Let $P$ be a convex polygon, and let $A_1$ be a point on the same plane as $P$.
Prove that we can find an integer $n$, and points $A_2,A_3,\ldots,A_n$, such that $A_{i+1}$ is a reflection of $A_i$ with respect to some side of $P$, and $A_n$ lies within $P$.
[Source: Hungarian competition problem]
Say that you have your convex polygon $P$ and sides $A_1,A_2,\cdots A_k$. Now, reflect $P$ across side $A_i$ to $P'$. Keep doing that; reflect $P'$ across some new side, etc ,etc. It is easy to see (but you have to do some induction -where you'll also use convexity- to make it rigorous) that in this way you can cover the whole plane. This can actually be used to answer your original question:
See, the point is that if $A$ and $B$ are sides of your original polygon $P$ and $P'=s_B\cdot P$ is the reflection across $B$, then $s_B\cdot A$ is one of the new sides of $P'$. But how can we express $s_{s_B\cdot_A}$, the reflection across this new side? Well $$s_{s_B\cdot_A}=s_B\cdot s_A\cdot s_B$$ This is not difficult to see: First $s_B\cdot s_A\cdot s_B$ is a reflection because it is the composition of an odd number of reflections. Now, all that's left is to check that the fixed points of the new reflection are exactly the line $s_B\cdot A$. Indeed $$s_B\cdot s_A\cdot s_B\big( s_B(a)\big) =s_B\cdot s_A(a)=s_B(a) $$ So $s_B(a)$ is fixed for all $a$ in the line of $A$, so $s_B\cdot A$ is the fixed line of the new reflection and we are done.

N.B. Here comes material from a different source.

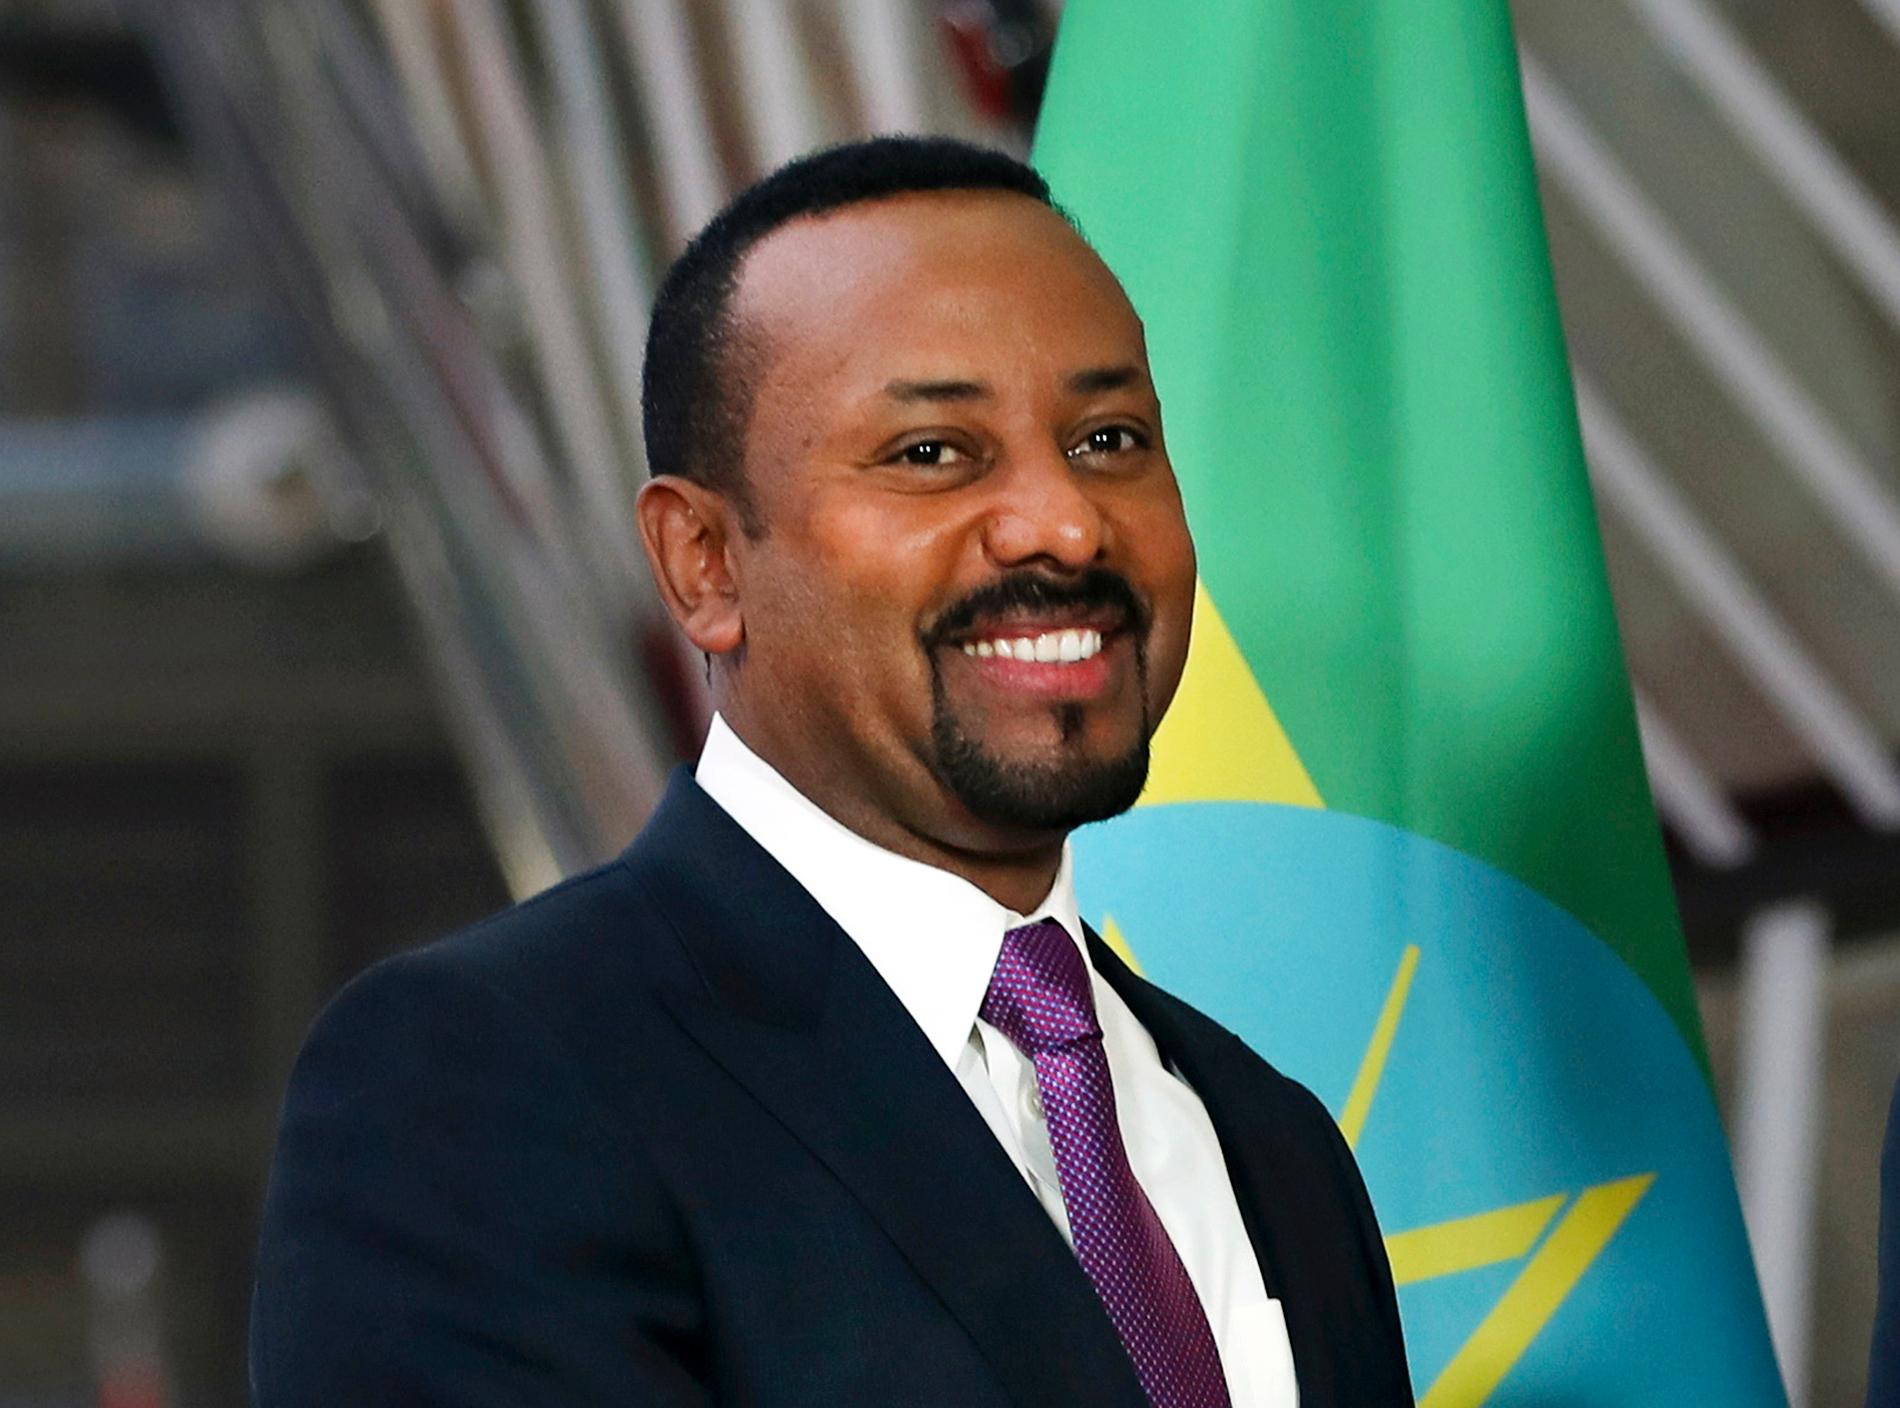 Etiopiens premiärminister Abiy Ahmed ingår i spekulationerna inför årets fredspris, bland annat på grund av de senaste årens uppmjukning av relationerna till grannlandet Eritrea. Arkivfoto.

That means that reflecting across one of the new lines can be expressed as a composition of reflections across the original sides of the polygon. That is, if we are allowed to reflect across the original sides of $P$, we are really allowed to reflect across any of the new sides of the new $P'$ that the above process describes.
Then as we can fill all space with some $P'$, we pick one that contains our point and we use this (bigger but allowed) set of reflections to send this $P'$ to our original $P$ and hence our point inside $P$ as well.